During the IPTF on April 21, 2014 several developers spoke in favor of MISO’s proposal
from the meeting room and over the phone. The consensus view at the session was
that MISO’s plan is workable, and balances customer risk with concerns for system
reliability.
Finally under the Long-Term part of the proposal MISO sought stakeholder input on
modeling combined cycle gas generation during shoulder peak periods. MISO
proposes to dispatch combined cycle units at 50% of nameplate output in the shoulder
period instead of at 0%. While the proposal has merit MISO should clarify that the
change in output will not change the modeling procedure for simple cycle gas peaking
units. In other words the change is targeted at mid merit units.
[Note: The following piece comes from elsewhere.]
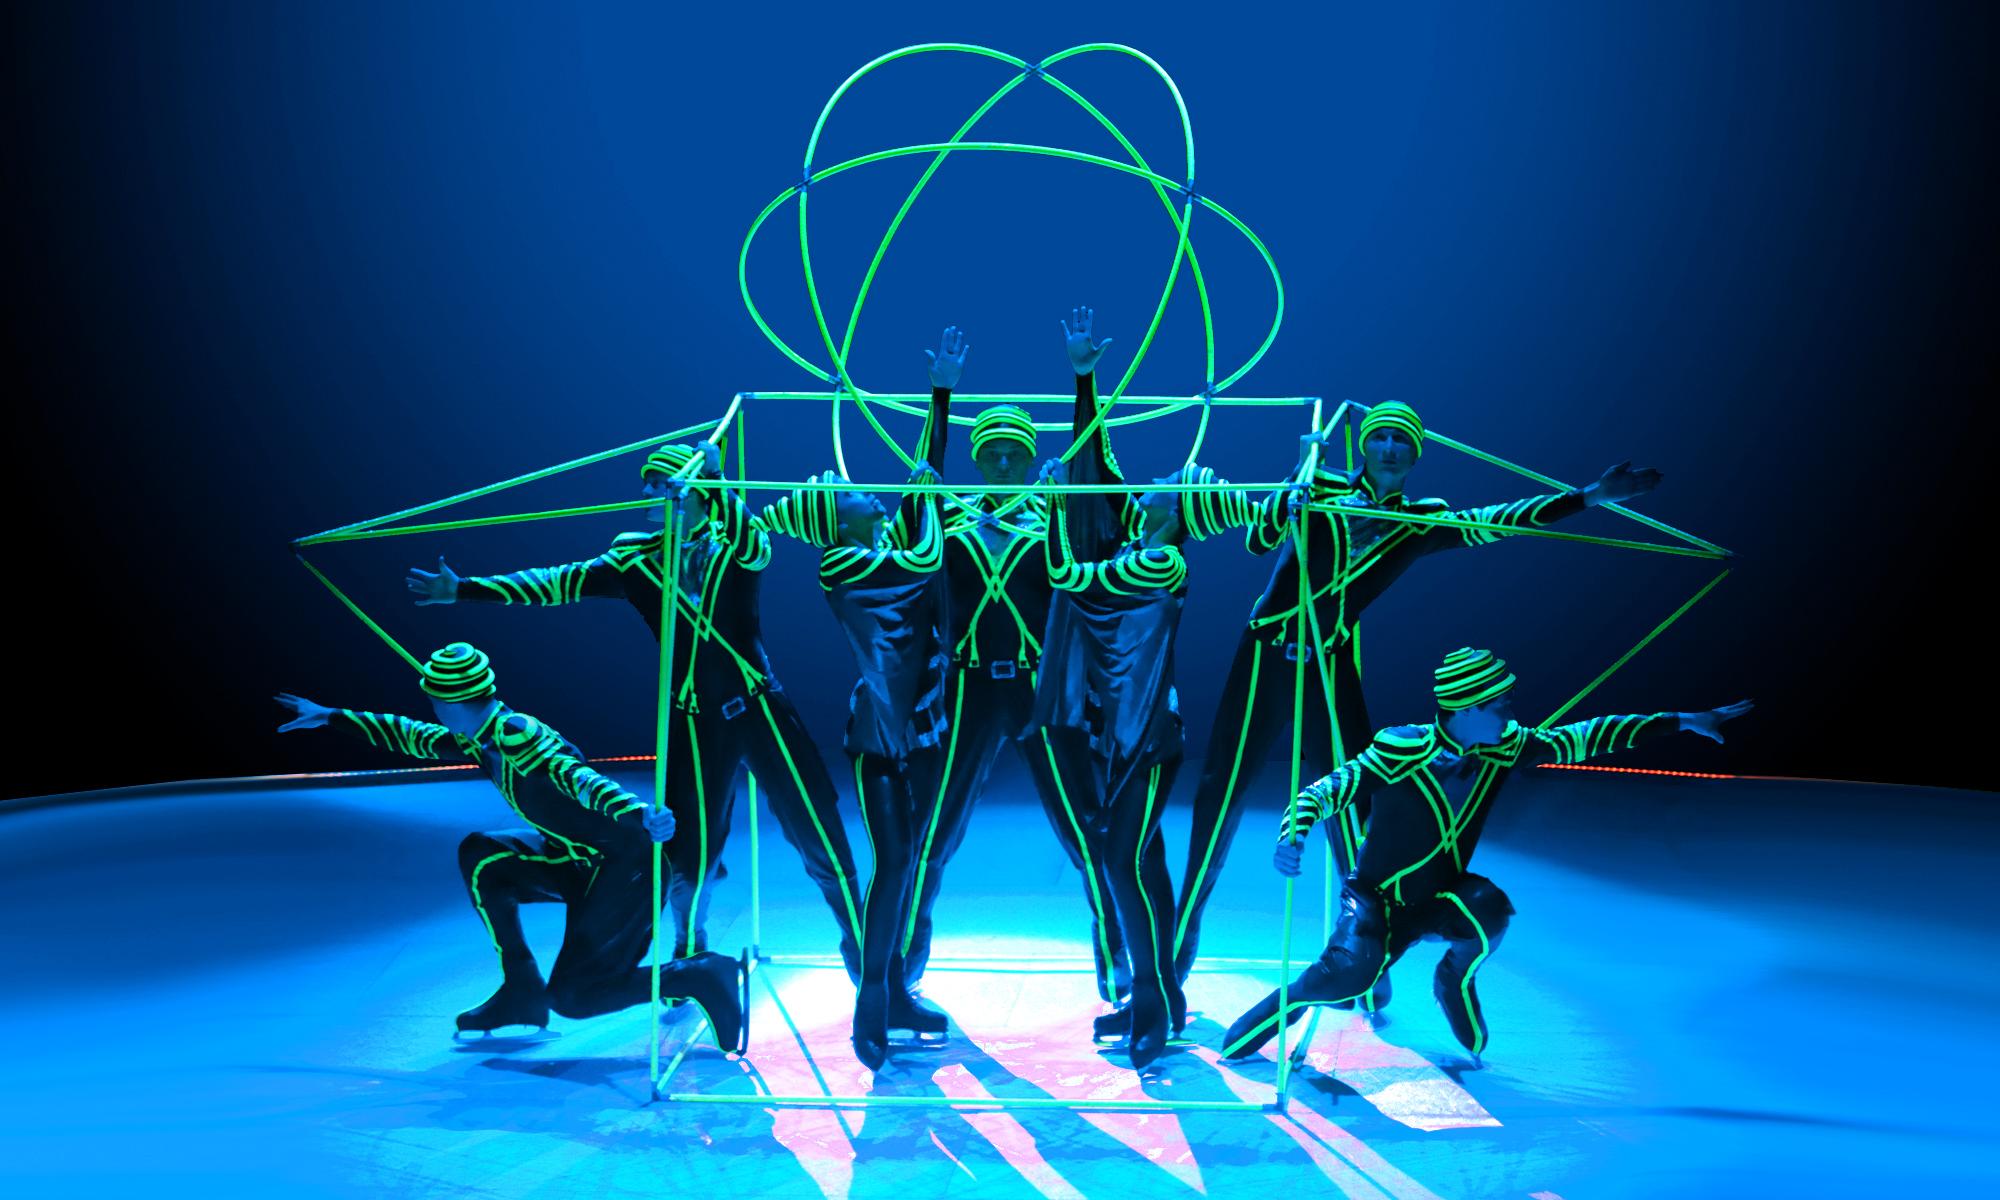 артисты в объёмных геометрических фигурах

Further, MISO should verify what level of activity mid merit gas units are committed and
cleared in the market on a regional basis. Here activity may vary from region to region
and MISO’s MTEP and interconnection planners should be cognizant of differences (if
any). Last, while the notion that low natural gas prices may automatically cause more
combined cycle dispatch commitments, the opposite is plausible also going forward.
Despite new production and pooling centers the natural gas market currently is
experiencing record low inventories which from a physical and adequacy standpoint
extends to modeling years in 2015 and beyond. In other words I urge checking
assumptions on fuel prices before changing dispatch patterns in generators models.